|The parties scramble on Greece in the election campaign|
As we discussed yesterday, Germany has finally owned up to what everyone already knew – Greece needs more help. Not exactly ground breaking news some might say, but given that the German federal elections are 4 weeks away, the response in Germany has been frantic – providing a bit more insight into how each party views the eurozone crisis.
German Chancellor Angela Merkel said yesterday:
“I cannot say today what amount would possibly be needed…I cannot put forward a number, or confirm one. I don’t know. One cannot know…We can only decide in the middle of next year.”
“I have to say I am a little surprised. Each Member of Parliament has all materials [relating to Greece.] And that, what [German Finance Minister Wolfgang] Schäuble said yesterday about Greece, everyone already knew that.”
Since Schäuble let the cat out of the bag a few days ago, the government, (via numerous politicians and spokespeople) has been tirelessly trying to display the comments as being in line with existing party policy. It has also tried to dispel the discussion altogether, suggesting no decision will be taken until mid-2014.
As expected in an election campaign, the opposition has jumped on the slip up. In an interview with Osnabrücker Zeitung, SPD Chancellor Candidate Peer Steinbrück said:
“I say clearly that saving Europe and the cohesion of the continent will cost something, also us Germans. It is time that Mrs Merkel tells that honestly to the people.”

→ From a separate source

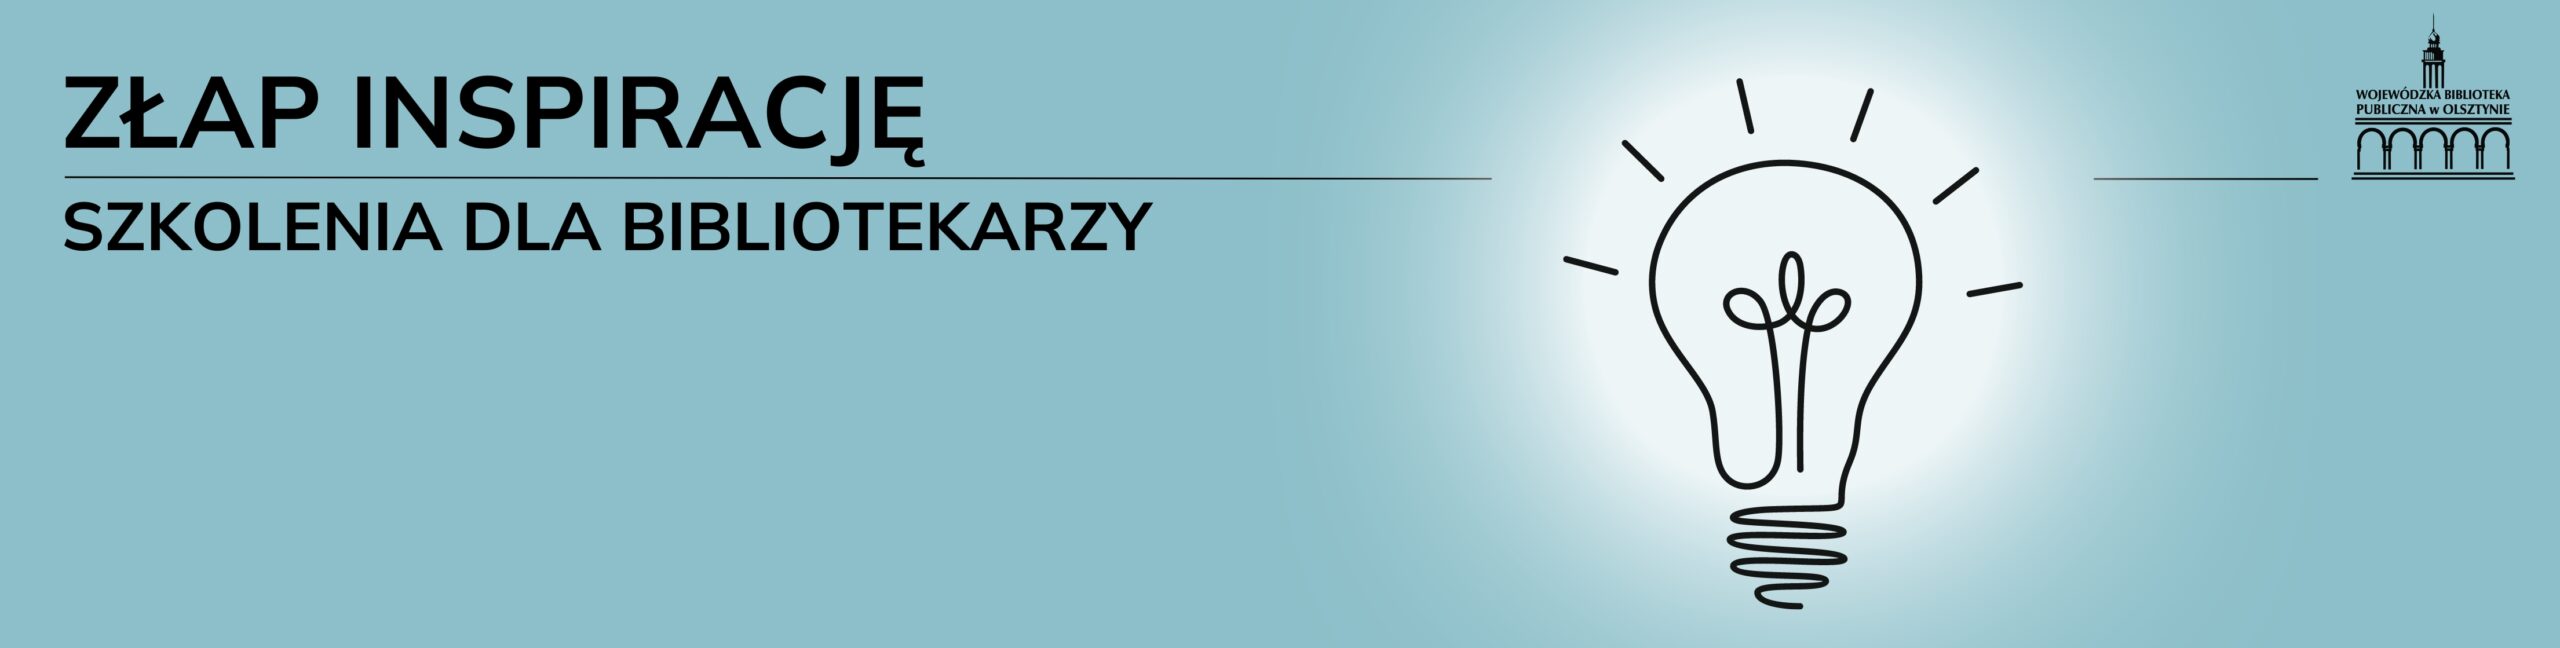 Szaro-niebieska grafika przedstawiająca: rozświetloną żarówkę, logo Wojewódzkiej Biblioteki Publicznej oraz napis: Złap inspirację - szkolenia dla bibliotekarzy.

In an interview with Handelsblatt, SPD Chairman Sigmar Gabriel said:
“[This] is the difference between the Chancellor and the SPD. Mrs Merkel says Germany will not go into a debt-union. In reality, the Chancellor has already long-organised such debt union secretly via the ECB. Mr Draghi has taken over state financing in the crisis states. But even before the election, the bill is going to arrive, in that Greece will guaranteed apply for another debt haircut.”
Former German Chancellor Gerhard Schröder also made his first foray into the election, telling a party rally:
“It is a big lie that Germany will not have to pay for Europe.”
For all the SPD’s attempts to push the CDU into admitting that the eurozone will need further aid, it still isn’t entirely clear what the SPD sees as the solution to the eurozone crisis. This has hampered its attempts to take advantage of the situation. It’s also telling that interventions by SPD party ‘big beasts’ seem to make Chancellor candidate Steinbrück look timid and uninspiring — rather than helping him.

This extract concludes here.